My daughter’s fourth grade class has a number of students who do not/will not write (or learn to physically write), and feel that watching a video replaces reading a book. So, it’s already happening. (Not even getting to the issues she has with some of them and math…)
You’re absolutely right. If students can, and are, submitting essays that they did not write, and there is no way to tell this, it becomes a pointless exercise. If colleges want to require essays, they need to have ways to make sure that the essay is written by the student. I do not know how. Maybe have the student write something in a proctored room, with a series of prompts that change each year?

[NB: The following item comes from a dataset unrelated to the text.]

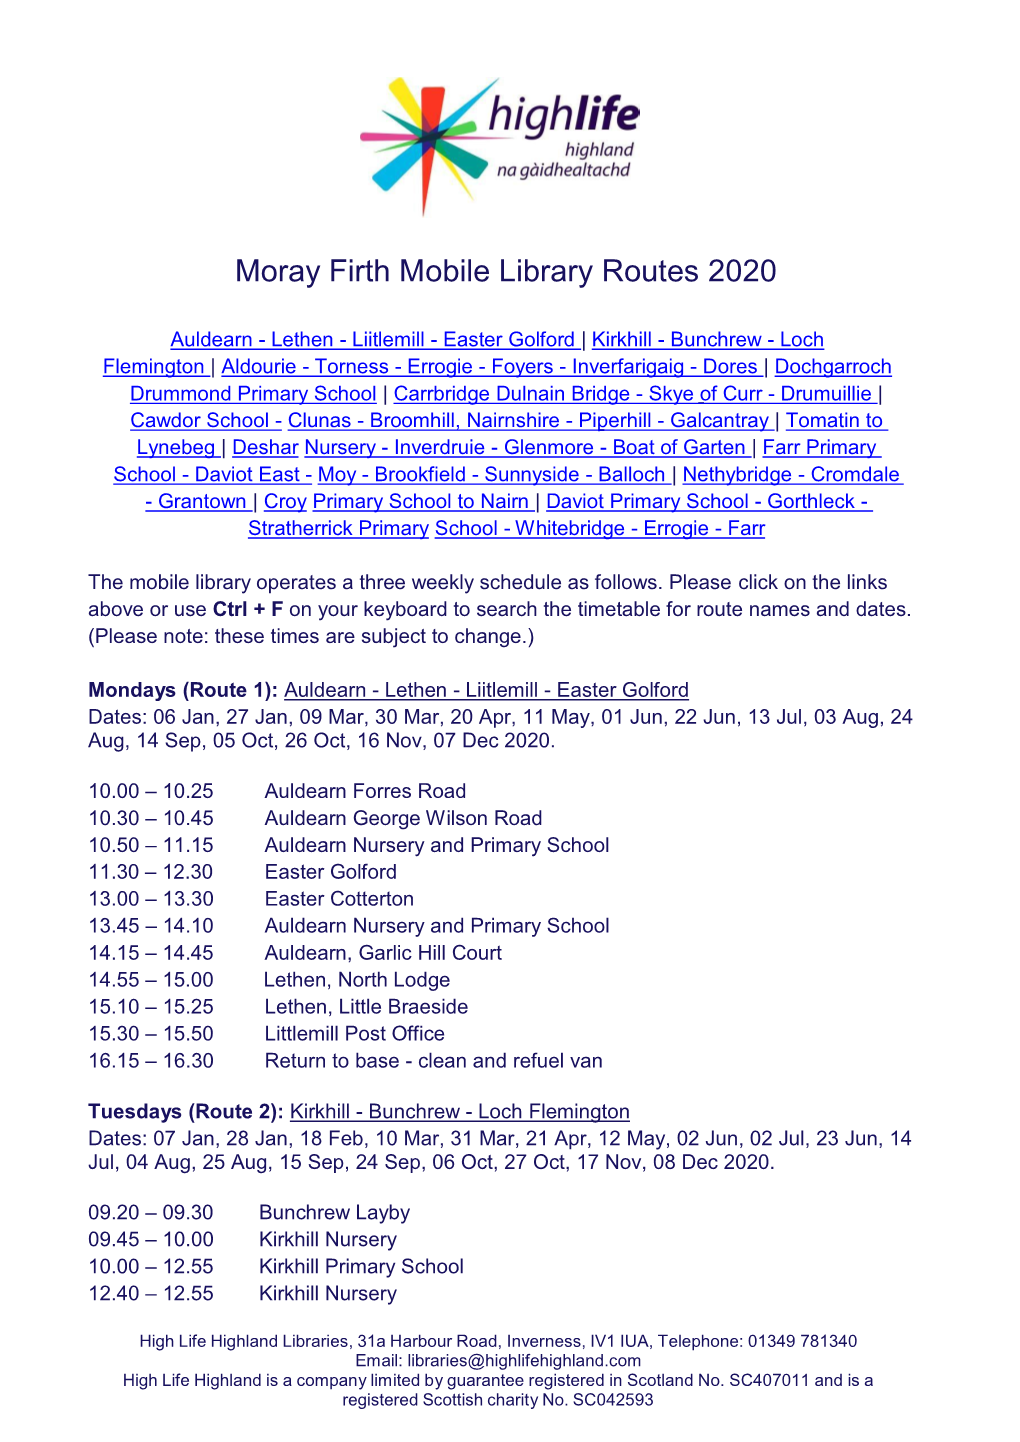 Moray Firth Mobile Library Routes 2020

Yes there is an AI checker and a kid we know already got an honor code violation for submitting an essay that substantially used AI. I would think it would need to be in the category of “have it write the essay for you” to be picked up though
I feel our best option is a private school that I found for my youngest child that still teaches handwriting and requires the kids to write their answers in full sentences and paragraphs, often by hand. The school issues computers preloaded with software. They do enough writing in school in front of the teacher that she can tell if a student is using assistive technology.
I don’t know if it is permitted for some students with accommodations, but my child who does not receive accommodations is not permitted to use assistive writing technology of any kind in school.
I still talk to them about the importance of doing the writing themselves and never using assistive technology other than search engines and reputable websites. And I am continually having the “what’s a reputable website” discussion.
Haven’t AOs repeatedly insisted that they can tell the voices of 17-year-olds in their essays? AFAIK, ChatGPT and the like aren’t trained to mimic the voices of any particular age group.